## Brief
The whole listing below is to be copied exactly, with every picture left out.

## Exercise data
● ● ●

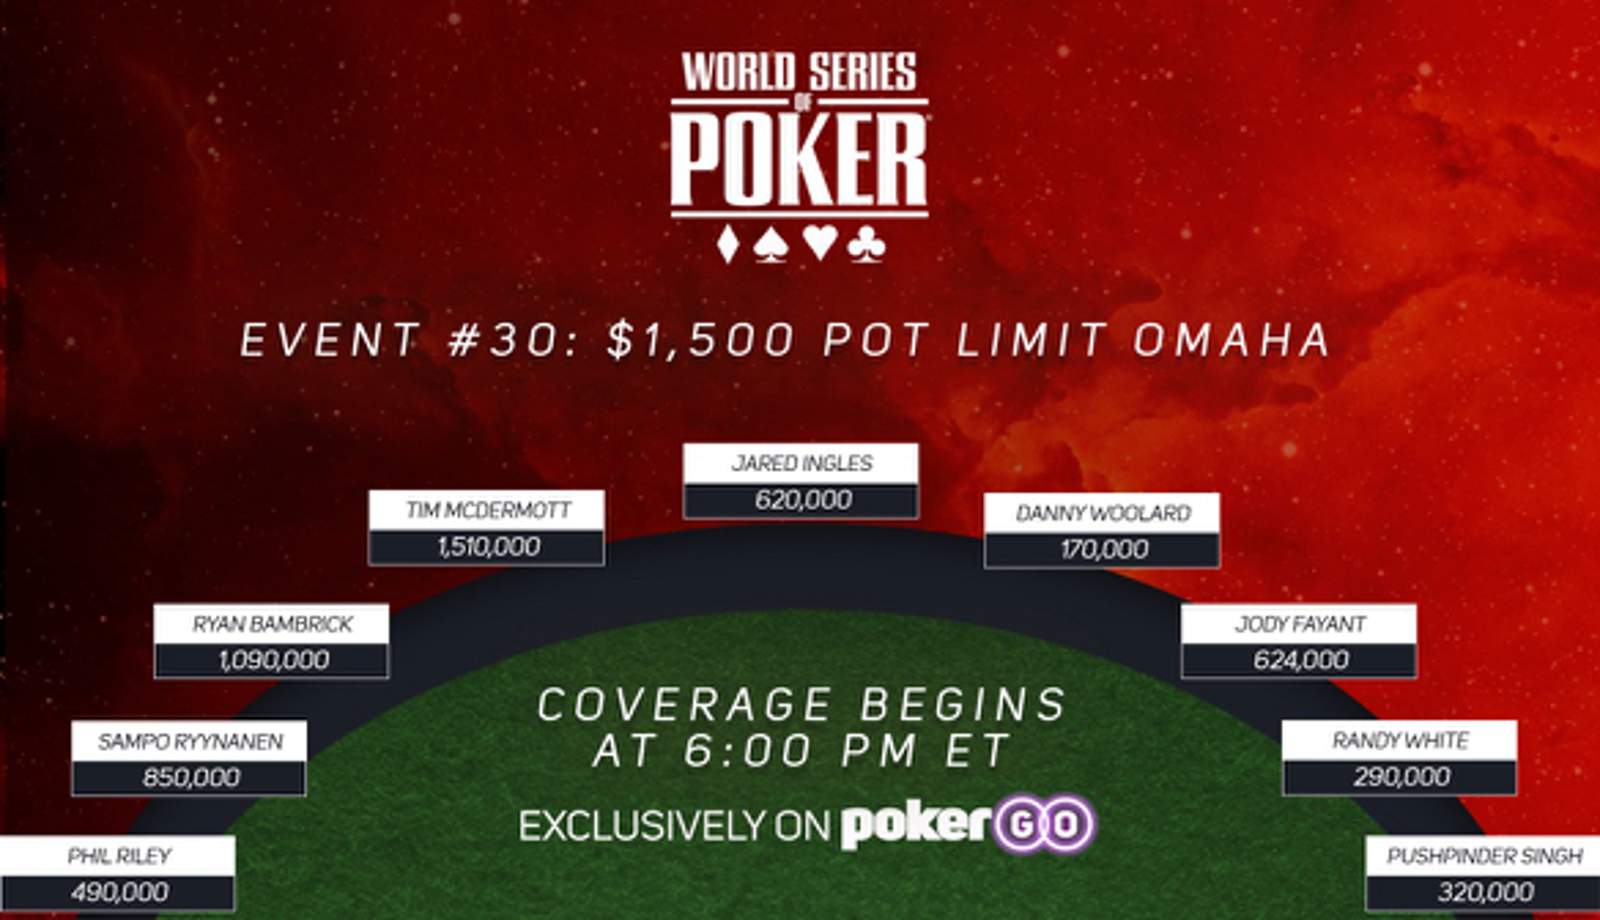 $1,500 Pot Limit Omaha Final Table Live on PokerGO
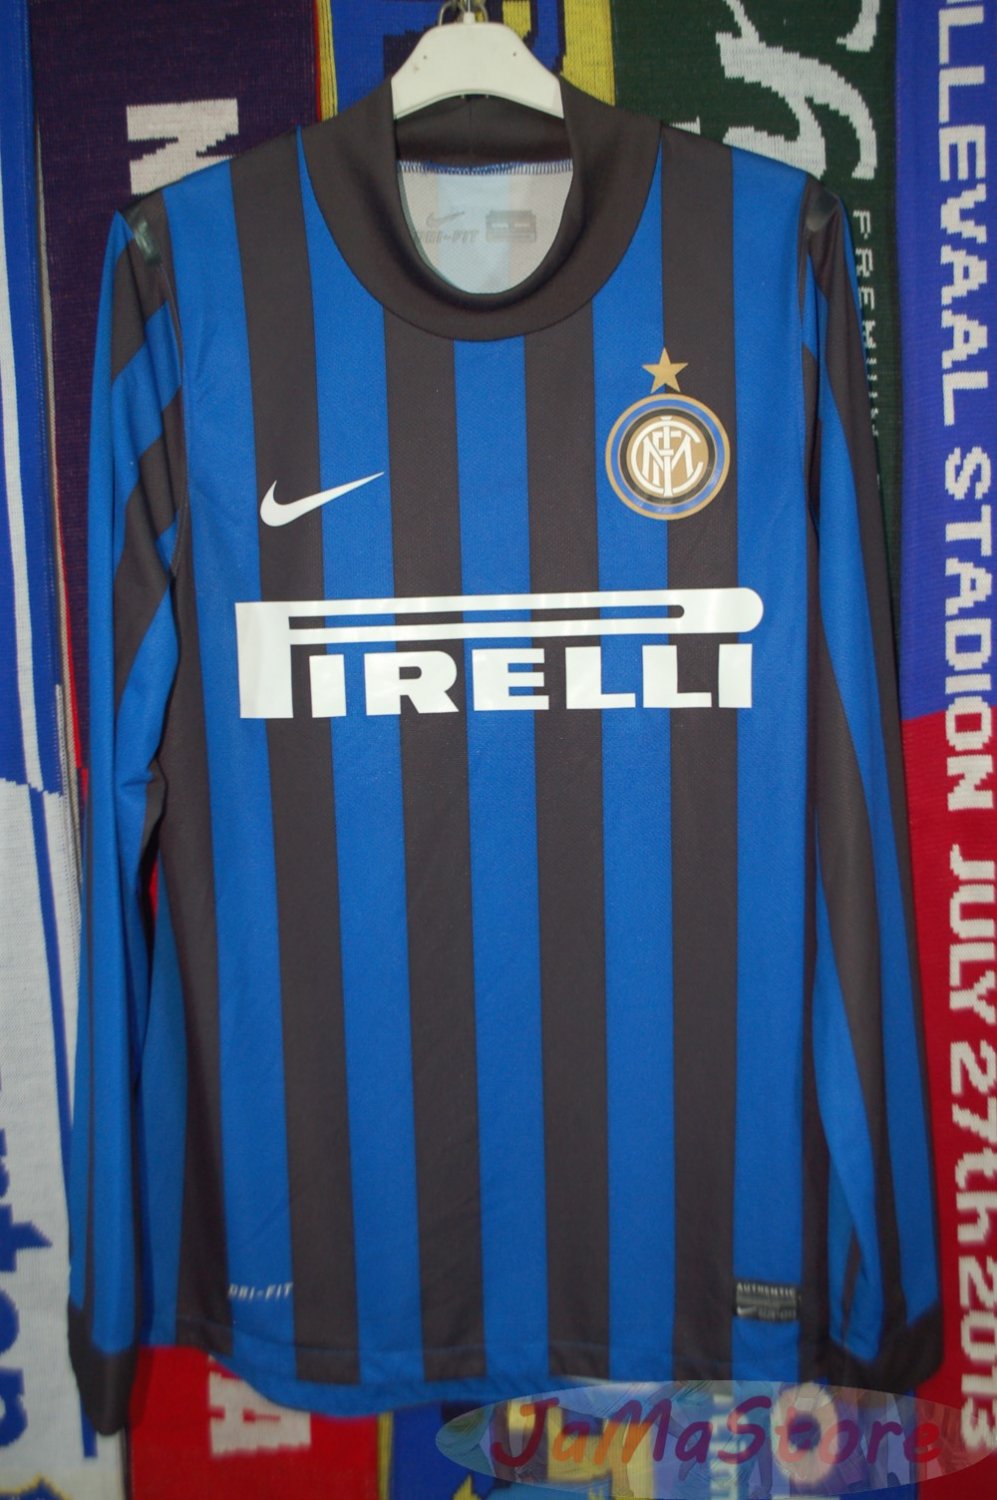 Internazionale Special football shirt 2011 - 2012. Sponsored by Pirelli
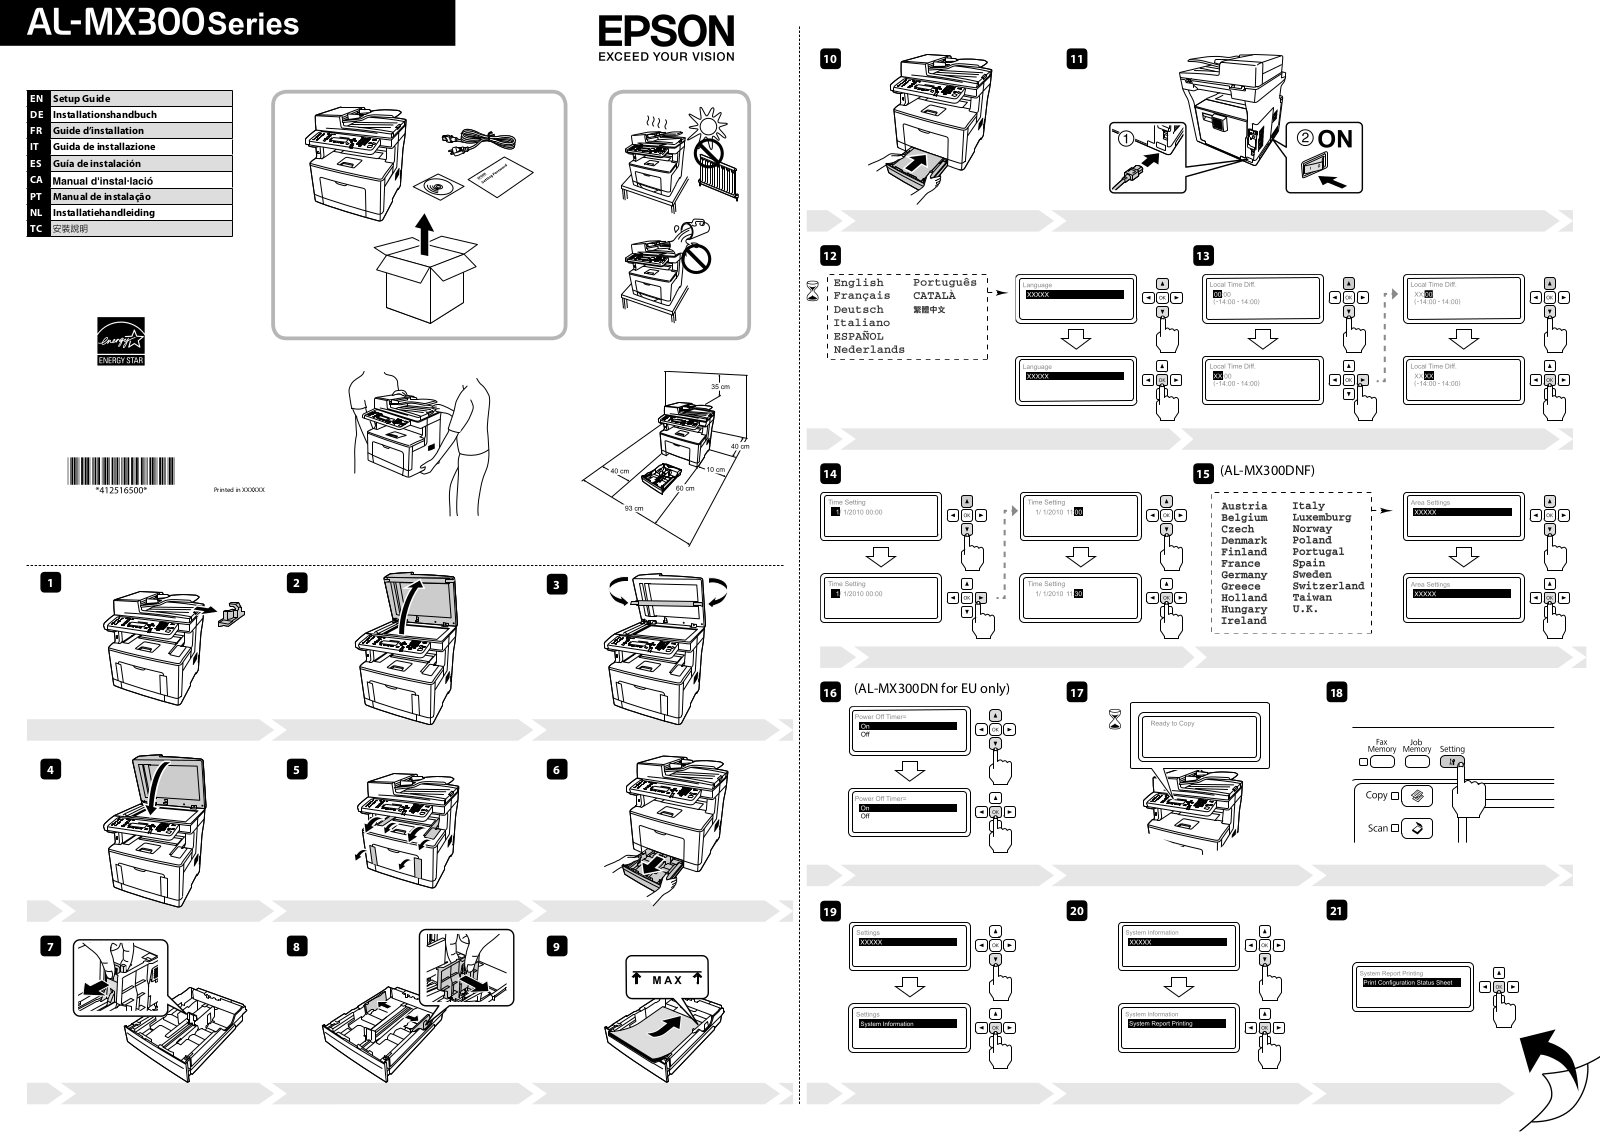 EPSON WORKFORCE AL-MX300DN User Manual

● ● ●

## Your response
 $1,500 Pot Limit Omaha Final Table Live on PokerGO
 Internazionale Special football shirt 2011 - 2012. Sponsored by Pirelli
 EPSON WORKFORCE AL-MX300DN User Manual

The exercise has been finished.